The following table provides an overview of the various properties that can be computed (and fitted). In addition to the properties listed also the various parameters associated with the pre-defined crystal structures can be fitted such as <atom-distance> (dimer structure), <lattice-parameter>, <ca-ratio>, <u-parameter> (wurtzite structure) etc.

Element

Type

Description

<atomic-energy>

Scalar

Energy per atom (in eV/atom)

<atomic-forces>

Vector

Atomic forces (in eV/A)

<bulk-modulus>

Scalar

Bulk modulus (in GPa)

<pressure>

Scalar

Hydrostatic pressure (in Bar)

<pxx>

Scalar

\(xx\) component of stress tensor (1st component in Voigt notation, in Bar)

<pyy>

Scalar

\(yy\) component of stress tensor (2nd component in Voigt notation, in Bar)

<pzz>

Scalar

\(zz\) component of stress tensor (3rd component in Voigt notation, in Bar)

<pyz>

Scalar

\(yz\) component of stress tensor (4th component in Voigt notation, in Bar)

<pxz>

Scalar

\(xz\) component of stress tensor (5th component in Voigt notation, in Bar)

<pxy>

Scalar

\(xy\) component of stress tensor (6th component in Voigt notation, in Bar)

<Cij>

Scalar

Stiffness tensor in Voigt notation; i and j are integers between 1 and 6; e.g. <C11>, <C12> etc. (in GPa)

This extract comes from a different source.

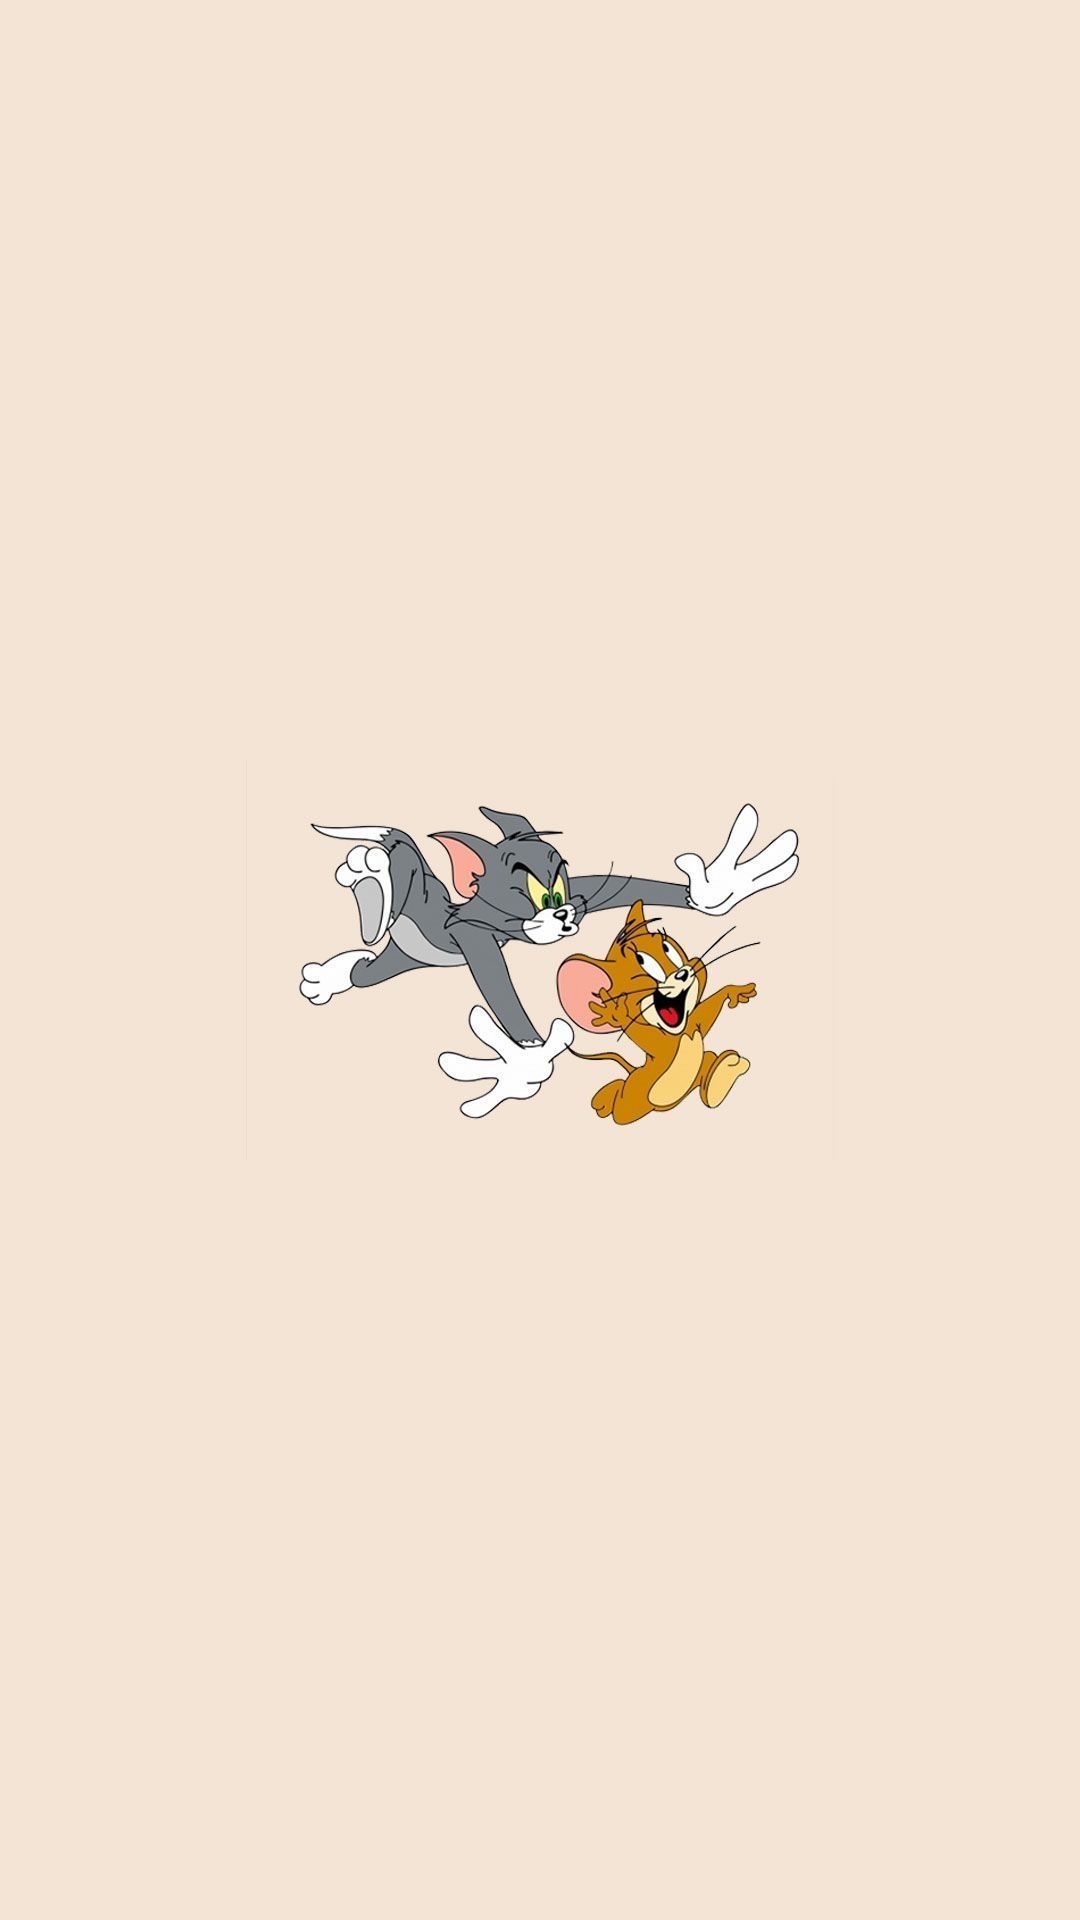 A cartoon of tom and jerry on the ground - Tom and Jerry

The calculation of elastic properties, in particular of both “clamped ion” and “relaxed ion” elastic constants for a hexagonal lattice structure, is demonstrated in examples [1] and [2].

Derived properties

Derived properties are not directly linked to a structure, but may be calculated from the properties of one or multiple structures. This allows one to fit to properties such as defect formation energies, surface energies and energy differences between different crystal structures. Even complicated properties like dislocation cores and phonon frequencies could be in principle represented.

The following code snippet demonstrates the general format:

<derived-properties>
  <derived-property id="bccFe-Ev" unit="eV" fit="true" target="2.1" relative-weight="1"
                 equation="[Vac.total-energy] - 127*[bcc-Fe.atomic-energy] "/>
</derived-properties>

Here, the vacancy formation energy in BCC Fe is calculated by substracting the atomic energy of 127 Fe atoms from the total energy of a supercell containing a vacancy. Derived properties are defined in a separate xml block below the structure definitions. They can be grouped in the same way as structures. Usage of derived properties is demonstrated in this example.

Compared to “normal” properties, a derived property features two additional attributes:

  • id: The name of the derived property.

  • equation: The equation is parsed by the math parser and used to calculate the value of the derived property. Structure properties are referred to using the format [structure.property].